Peter Ling, a University of Nottingham professor of American studies and author of a 2013 biography on JFK, noted that Kennedy’s youthful image was an illusion. Kennedy was chronically ill and heavily medicated due to damaged adrenal glands and crumbling spinal vertebrae. Ling contends this could account for Kennedy’s impaired performance in his first summit with the Soviet Union’s Nikita Khrushchev in Vienna in June 1961, although the same drugs may have kept him calmer during the subsequent Cuban missile crisis.

Youth and good health don’t necessarily correlate with presidential capabilities.

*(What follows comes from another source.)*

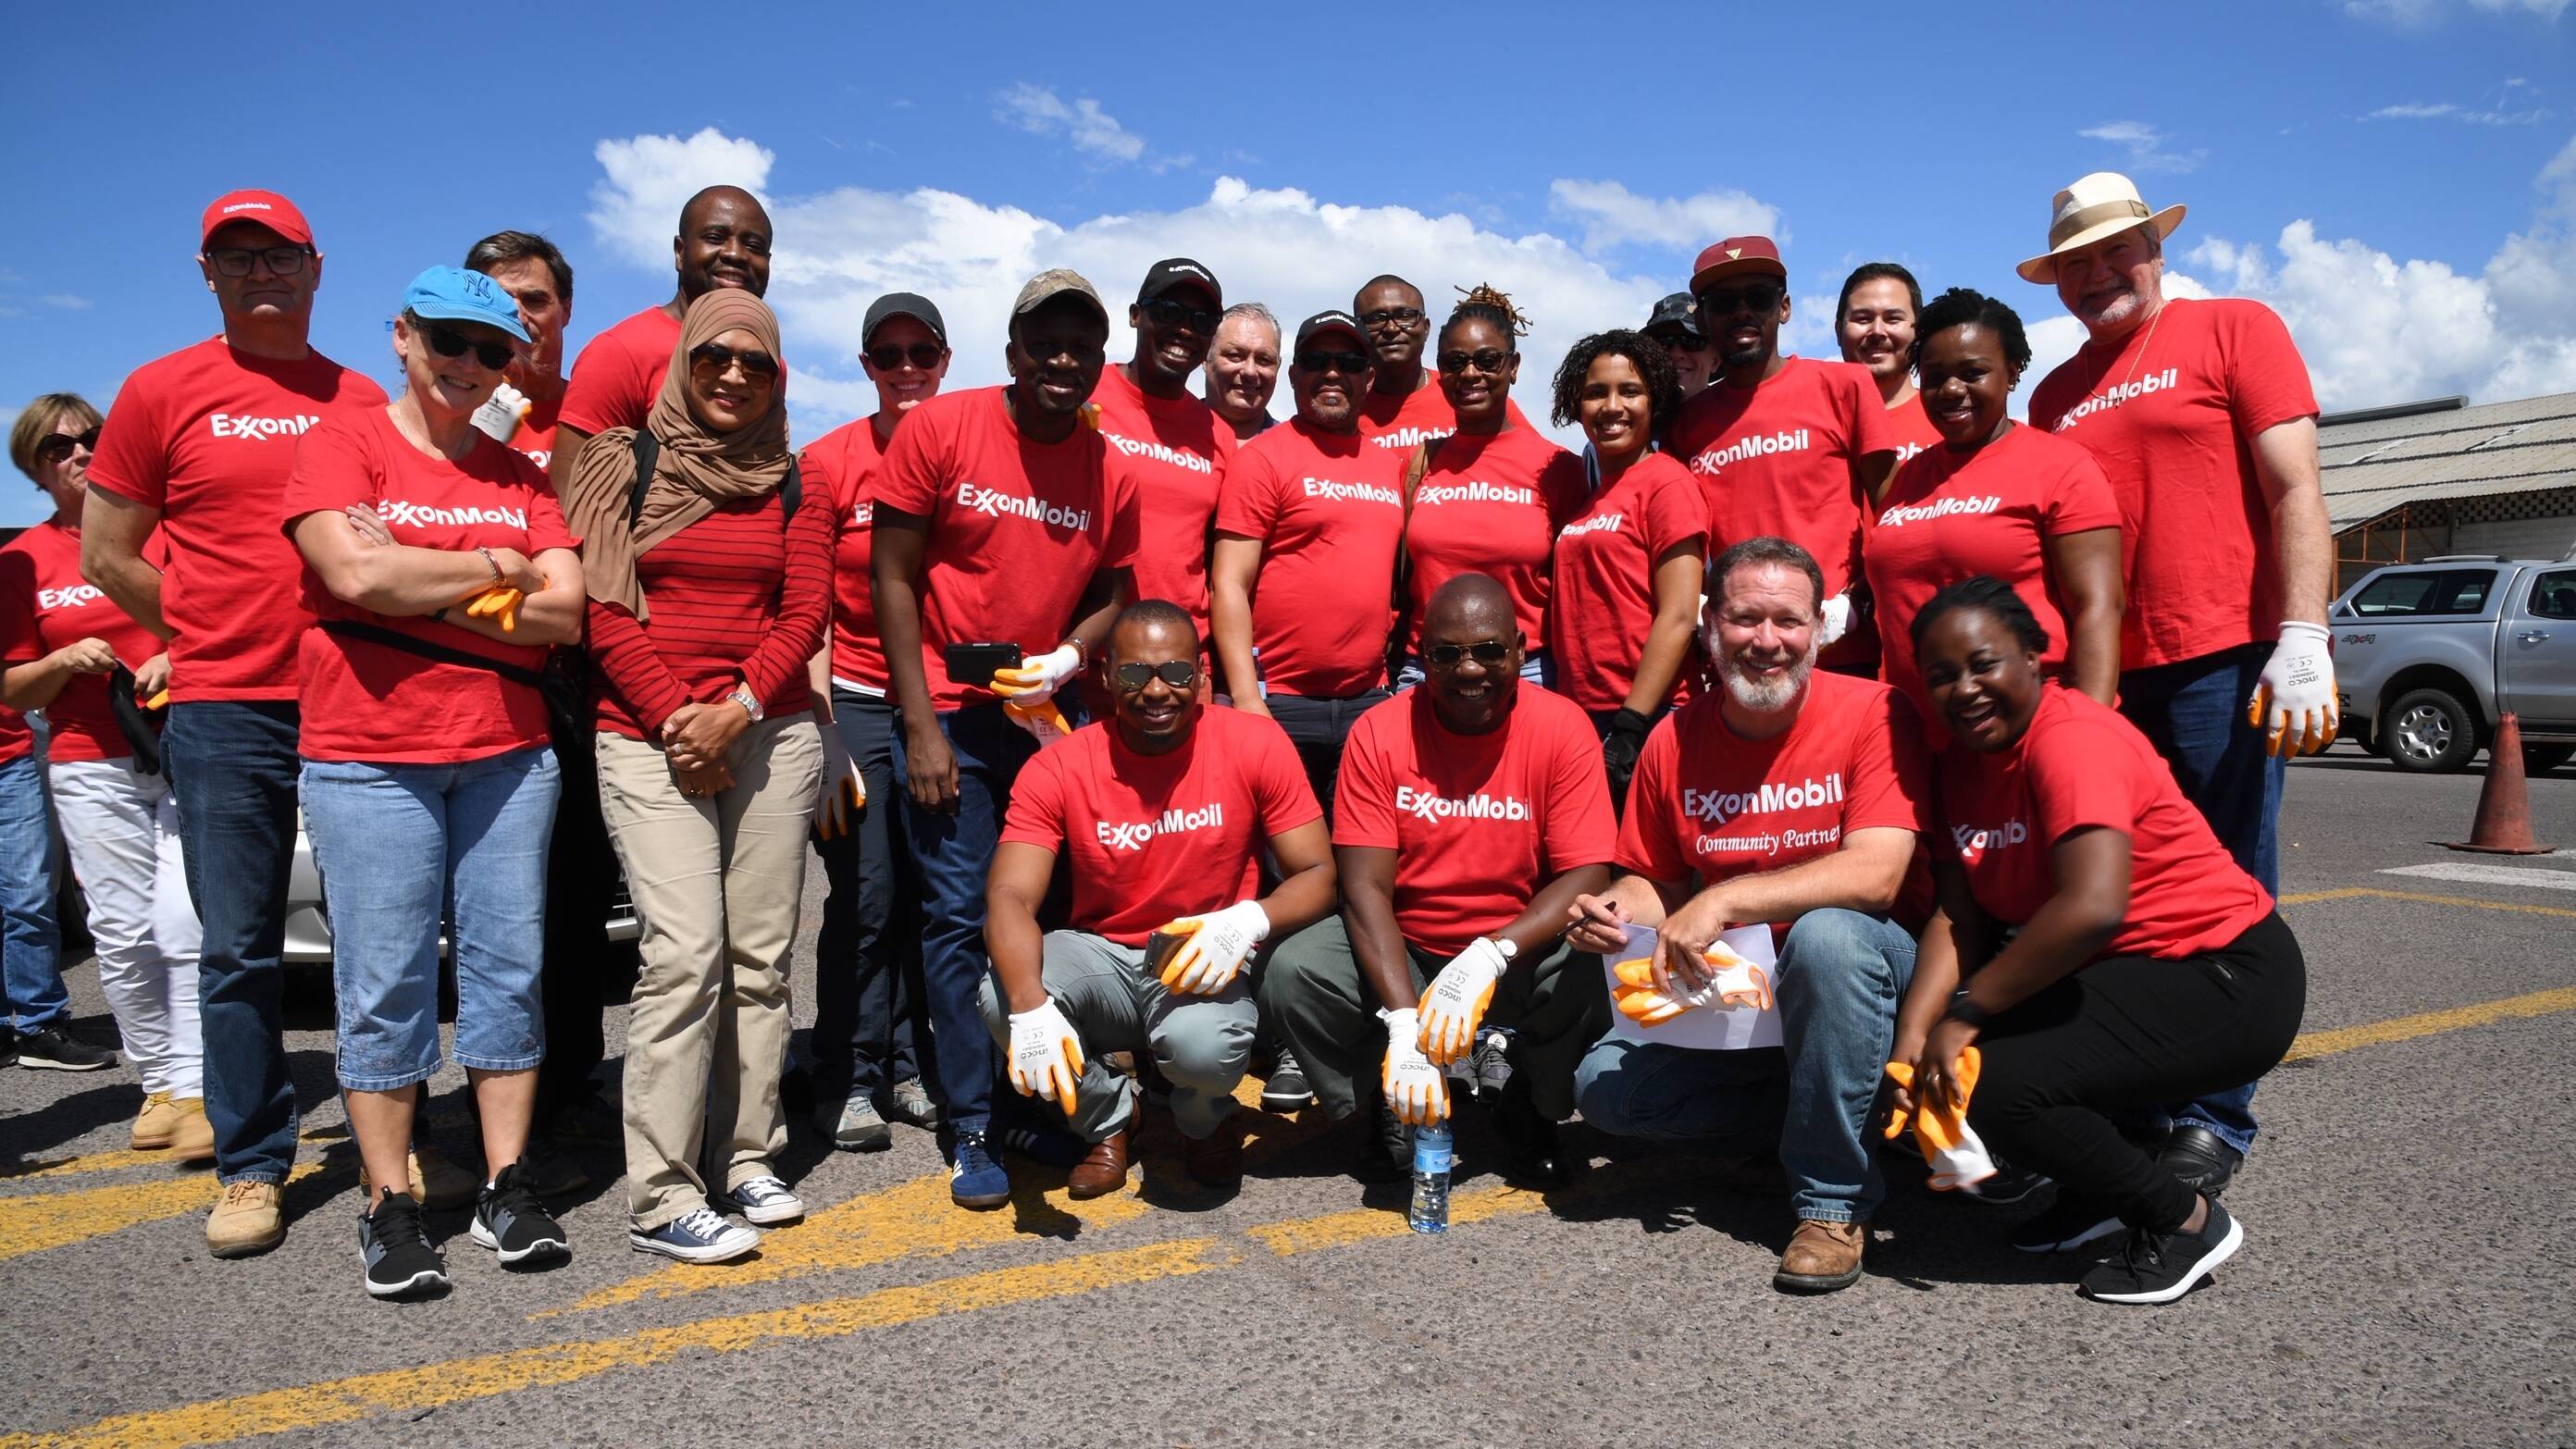 ‎A group of ExxonMobil Mozambique employees volunteered more than 100 hours to assist in relief efforts in the days immediately following Cyclone Idai.
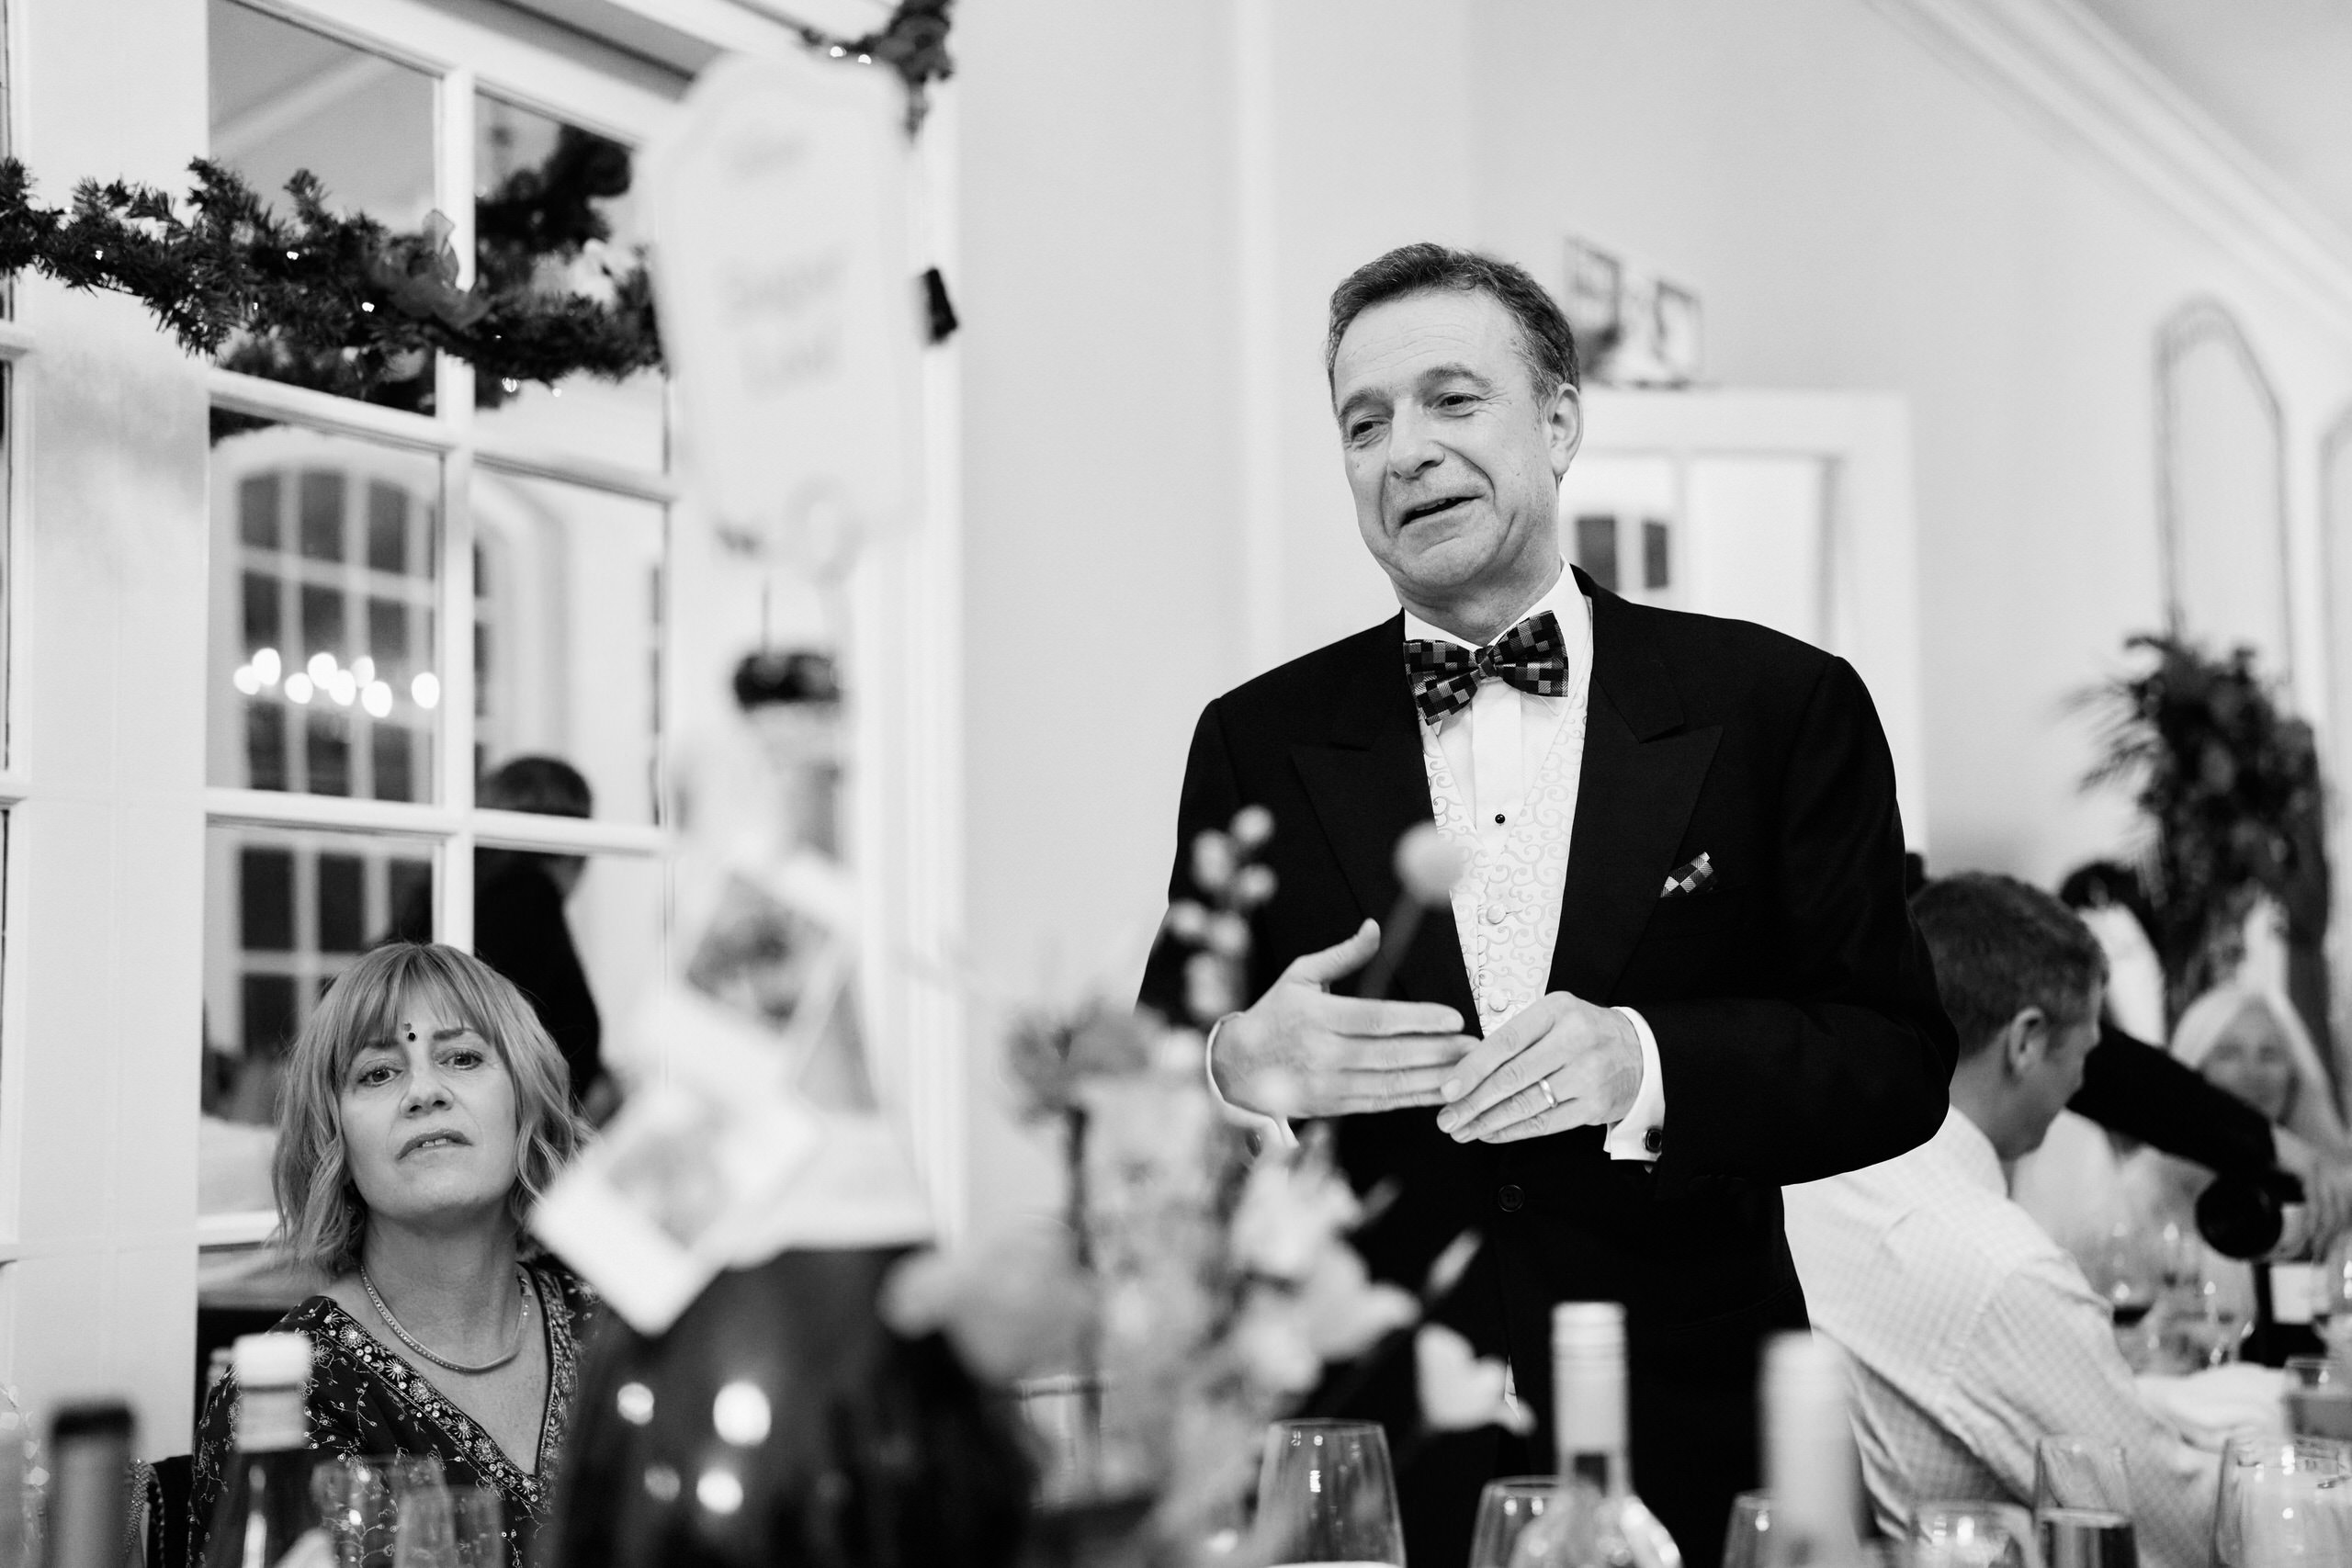 A guy in a suit talking at a wedding.

Five years ago, the consumer medical website MedicareSupplement.com surveyed 27 historians and physicians, who ranked Rutherford B. Hayes as America’s healthiest president, with Barack Obama a close second. Hayes gained fame — or notoriety — for banning alcoholic beverages from the White House. He was 55 when he took office, but only lived to age 70. Obama, elected at age 47, was known as a healthy eater who shunned coffee and sugar. Health in office was never an issue for either man, but that didn’t make them great presidents either. In 2021, C-SPAN surveyed a diverse group of 142 historians who ranked Obama 10th and Hayes 33rd when it came to effectiveness in office.

Their rankings focused on ten key measures of aptitude: public persuasion, crisis leadership, economic management, moral authority, international relations, administrative skills, relations with Congress, vision/setting an agenda, the pursuit of equal justice for all, and performance within the context of their times.

The only problem with these measures is that historians can grade using hindsight, whereas citizens must cast ballots without the benefit of foresight.

One thing we can be sure of. Age will be front and center in the 2024 presidential campaign, even if it shouldn’t be. Younger candidates will weaponize it to their advantage, while older candidates will have to fend off the insults and the onslaught.